When Time Tilts: Reflections on 26 Years, Love, and What Remains
- Ronia Arabatlian
- Feb 17
- 2 min read
There is a particular kind of grief that arrives quietly, carried in numbers.
This year, Lara would have turned twenty-six. With that number comes a realization that returns to me again and again: the years since her death continue to grow, and one day they will outnumber the years she lived. I feel that shift approaching like a slow tilt of the earth—not abrupt, but undeniable.
What surprises me most is how much this grief is about time, not just loss.
In the early years after Lara’s death, time felt sharp and unforgiving. Each year without her was heavy and loud. Memories were close, almost pressing in on me. Her presence felt immediate, even in her absence.
Over time, something else has happened. Life has continued—as it does. And sometimes, unexpectedly, she feels farther away. Not gone. Not forgotten. Just not as near to the surface of daily life.
This is where a quieter fear emerges: If time keeps moving forward, what happens to memory?
I notice this most around birthdays and anniversaries. It’s not that I am forgetting Lara—it’s that remembering now requires intention. And that can feel unsettling, as though the passage of years might soften what once felt so vivid and unshakable.

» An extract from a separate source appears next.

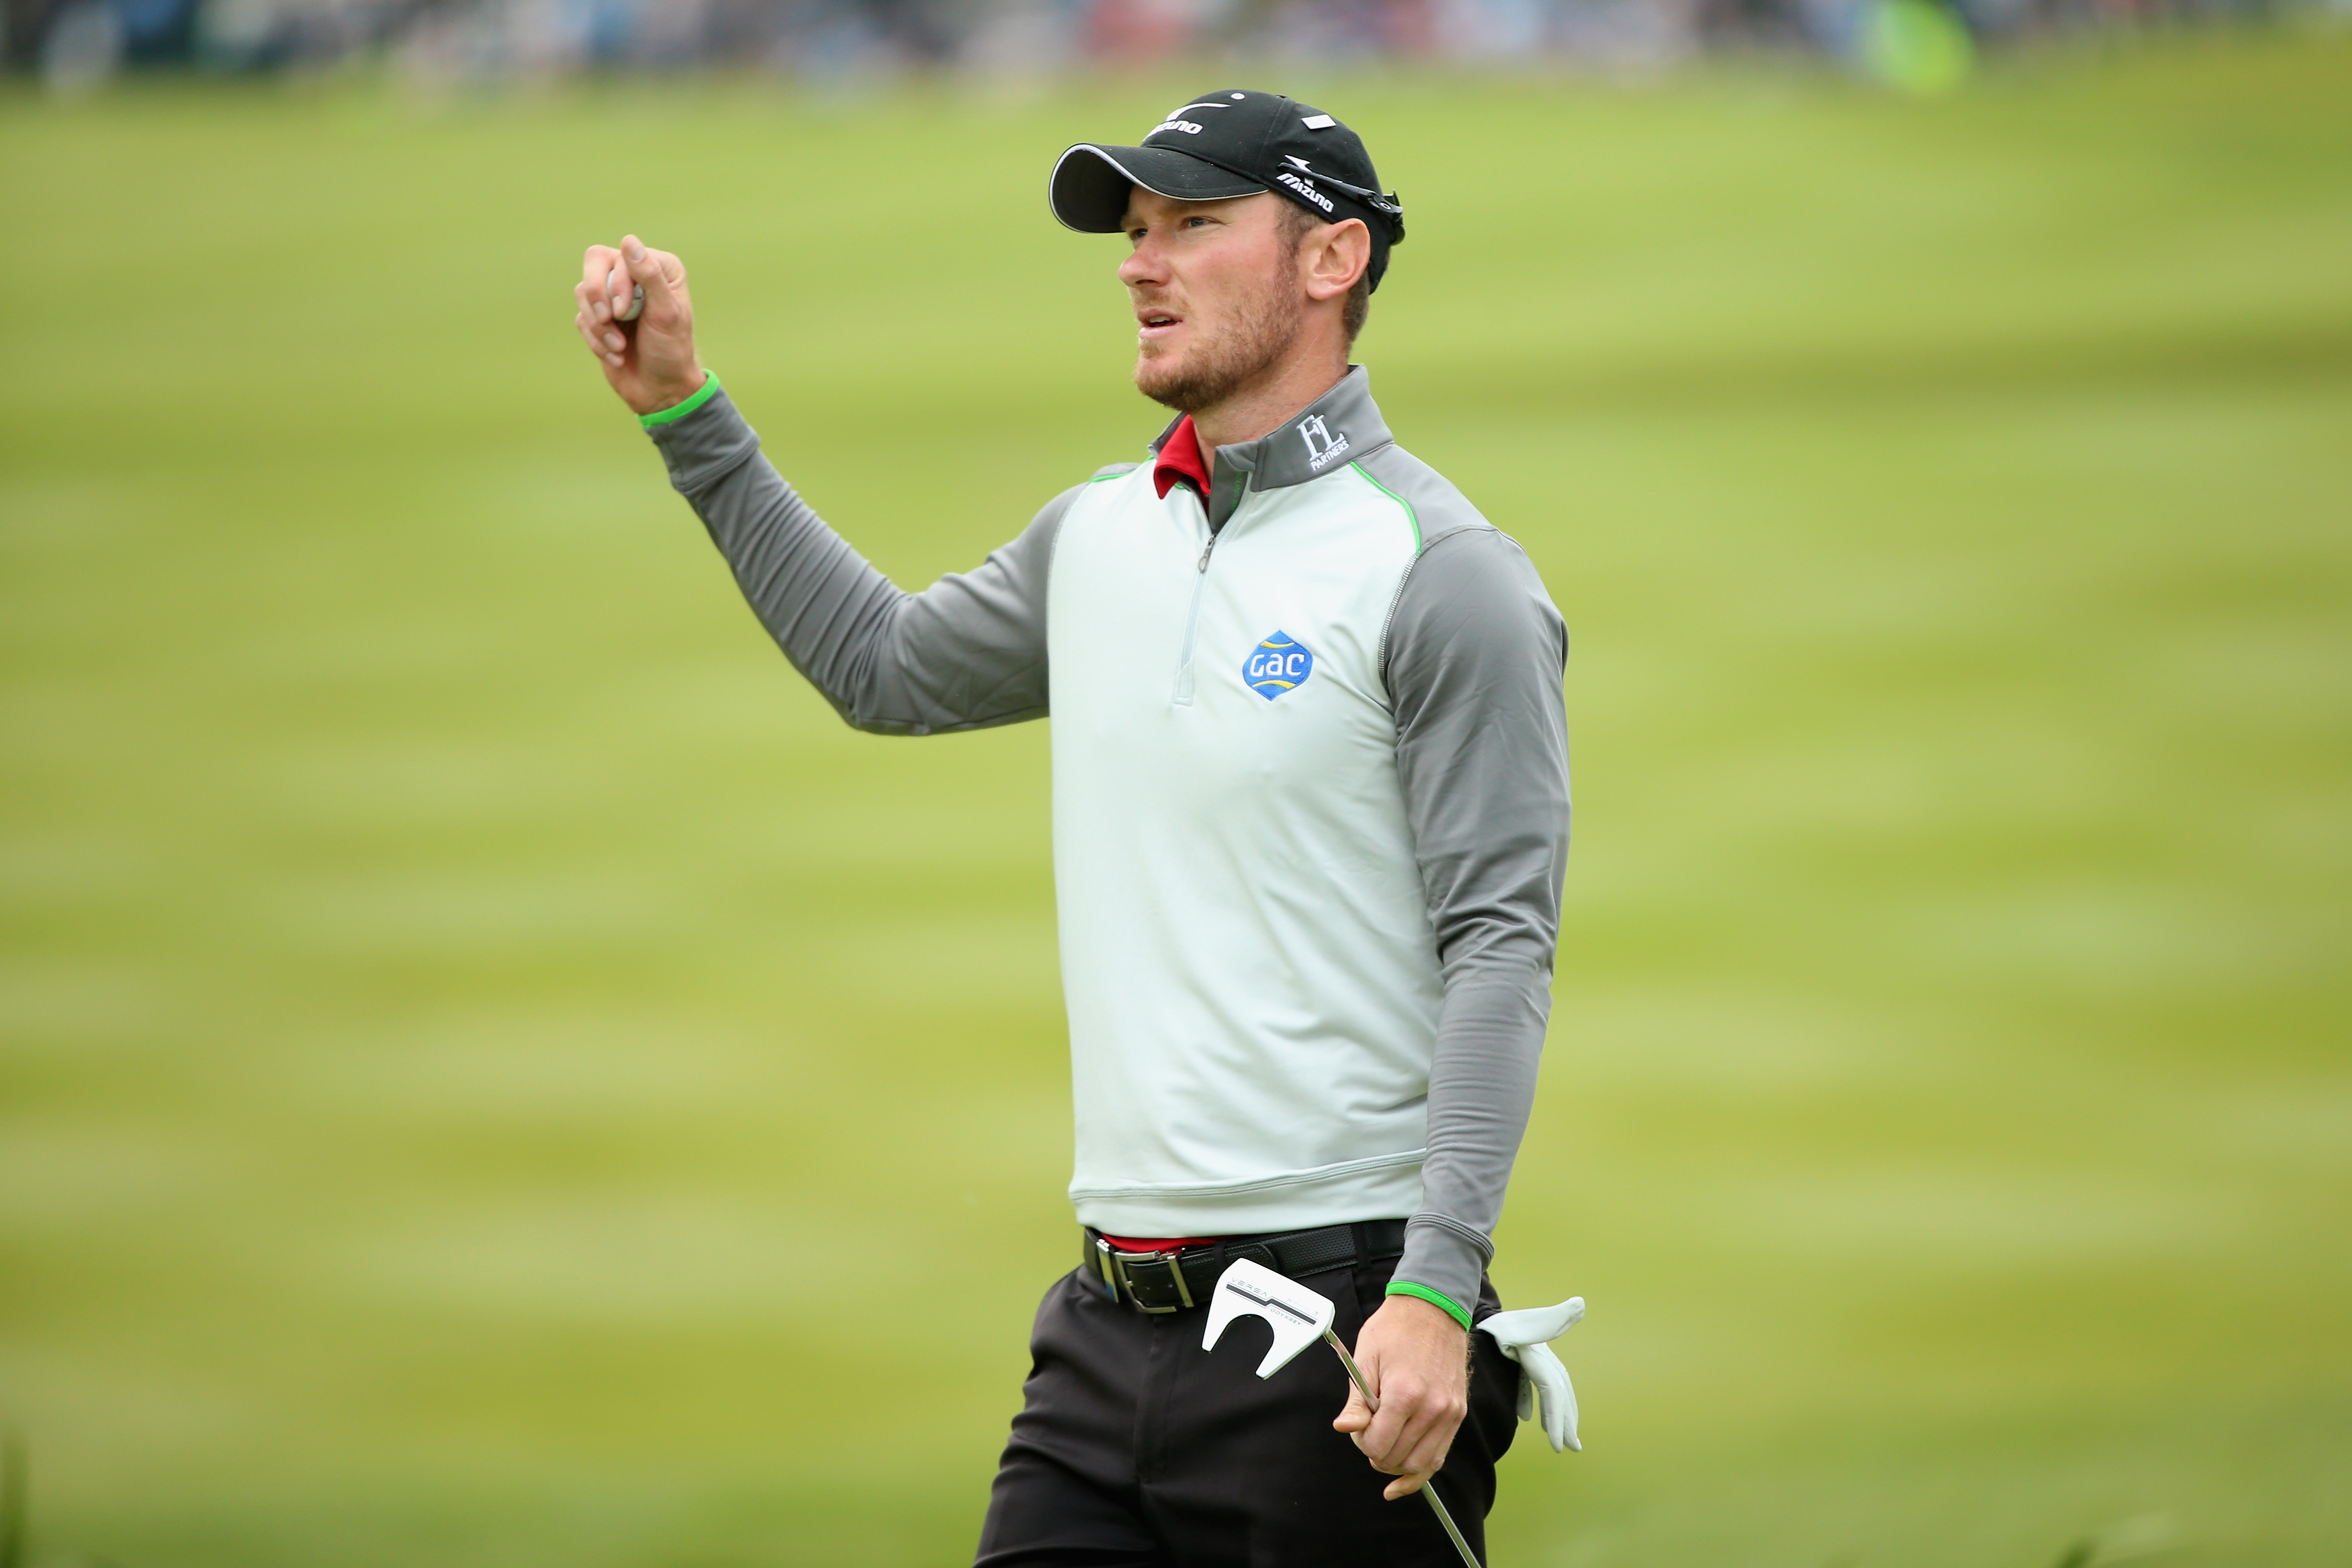 Gallery: BMW PGA Championship final round in pictures

Alongside this is another layer of grief: watching my older daughter move forward into her own life. This is the natural rhythm of things, and still, it stirs something tender. There was a time when my identity was rooted in active mothering—two children, constant movement, constant need. Loving Lara required urgency: advocacy, vigilance, presence at every level. Meaning lived in every hour because care was non-negotiable.
Now, life is slower.
The quiet can feel peaceful, and at other times, disorienting. There is space where intensity once lived. Silence where there was once noise. And I find myself asking questions I didn’t have time to ask before: Who am I now? Where does meaning live when caregiving no longer defines my days?
Faith meets me here—not as an answer, but as a companion.
I don’t believe time diminishes love. I believe it changes the way love is held. I trust that Lara is held in a way that does not fade, known in a way that does not require effort, and at peace in a realm where time does not keep score.
Perhaps the invitation is not to fight the passing of years, but to trust that what was sacred does not disappear simply because life continues.
This, I have come to understand, is part of post-traumatic growth—not the absence of grief, but the widening of the heart around it. Loving Lara reshaped my capacity for compassion, patience, and reverence for life’s fragility. She continues to guide my work, my faith, and the way I sit with others in their suffering.
Grief evolves, just as love does. It deepens, quiets, and asks different questions over time. And faith—when I allow it—whispers that nothing entrusted to God is ever truly lost.
So today, as time tilts again, I hold both what was and what is.
May what was given be blessed.
May what remains be held.
And may love, in all its forms, continue to unfold.